3. During this period habits become permanent.
The pathways traced through childhood and adolescence become settled, the cells gradually lose power to change, and by the close of Adolescence, character is practically determined, unless a Divine power “makes all things new.”
4. The influence of heredity is strongly felt during the early part of Adolescence.
A child may be defrauded of his inheritance in stocks and bonds and estates, but the bequest of tendencies to which his parents and grandparents and the long line back have made him heir, can not be diverted.
There is danger of over-emphasizing the doctrine of heredity and lessening the sense of personal responsibility for conduct. There is also danger of minimizing it, and consequently failing to give the help that many a life needs in its effort to overcome an evil inheritance.
Heredity means simply a pull upon the life in a certain direction, because of the way those before have lived. It is easier to climb upward, if “the hands of twenty generations are reached down from the heights to help, than as if they reached up from below to drag down.” But whatever the inherited tendencies, any life may have the “antithetic heredity,” which is a part of its glorious inheritance in Jesus Christ.
5. This period contains the largest number of first commitments for crime.
Three coincident facts demand serious and careful consideration.
First. The greatest number of first commitments occur from twelve to sixteen.
Second. The greatest spiritual awakenings occur between twelve and sixteen.
Third. “Girls are most susceptible to influence for good or evil between eleven to seventeen, with the climax about fourteen, and boys from twelve to nineteen, with the climax about sixteen.” Is not the work of nurture plain?
6. During the early part of this period, by far the heaviest losses from church and Sunday School occur.

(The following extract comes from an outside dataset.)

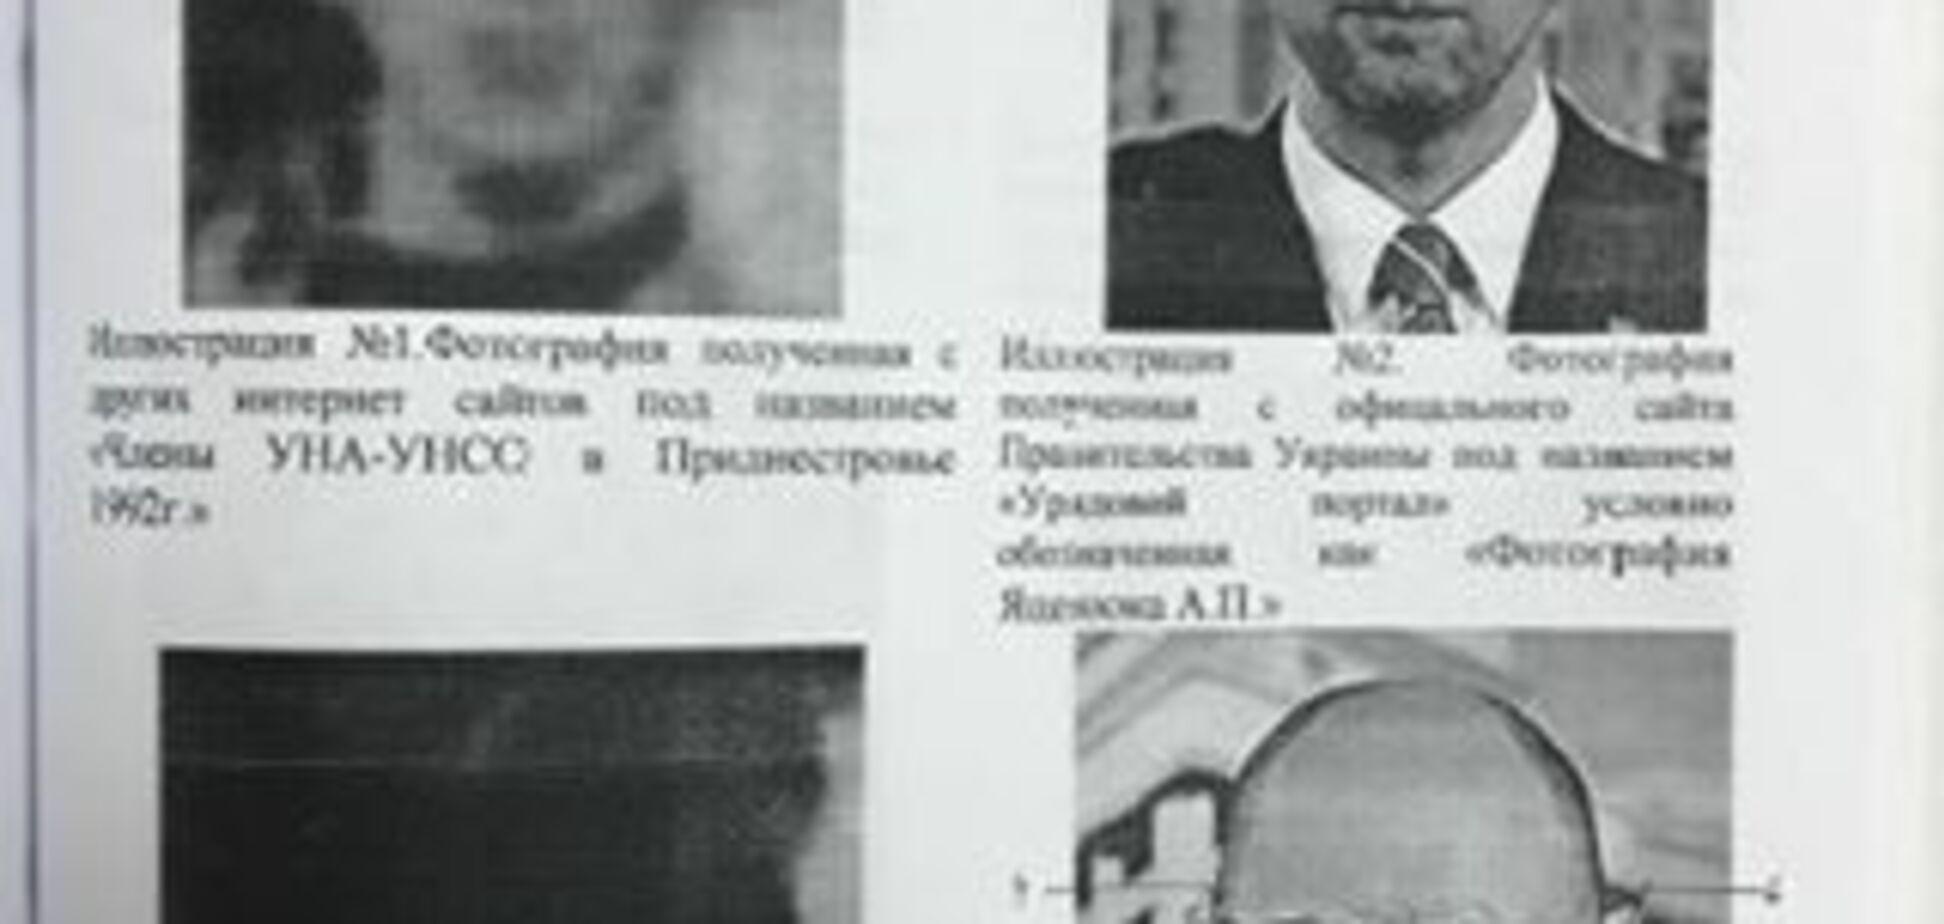 Воевал не только в Чечне: в России показали 'доказательства' новых 'зверств' Яценюка

“While thy servant was busy here and there, he was gone.” Who was gone? A soul in its crisis, making eternal choices, easily influenced by a word, a look or a touch, in the grip of fierce temptations, but catching sight of Divine possibilities, needing help as at no time before or later, this is the soul that slipped away, in all probability, not to be brought back. You who let it slip, “How will you go up to your Father and the lad be not with you?”
In turning to a more detailed consideration of Adolescence, we find the wealth of material so far exceeding the limitations of our space, that the study must be selective, not analytic. Only those conditions in the life, therefore, which seem most imperative in their demands upon nurture will be chosen for discussion.
EARLY ADOLESCENCE
The first period of Adolescence covers about four years, approximately from twelve to sixteen with boys and eleven to fifteen with girls, and is perhaps the most trying of all to deal with.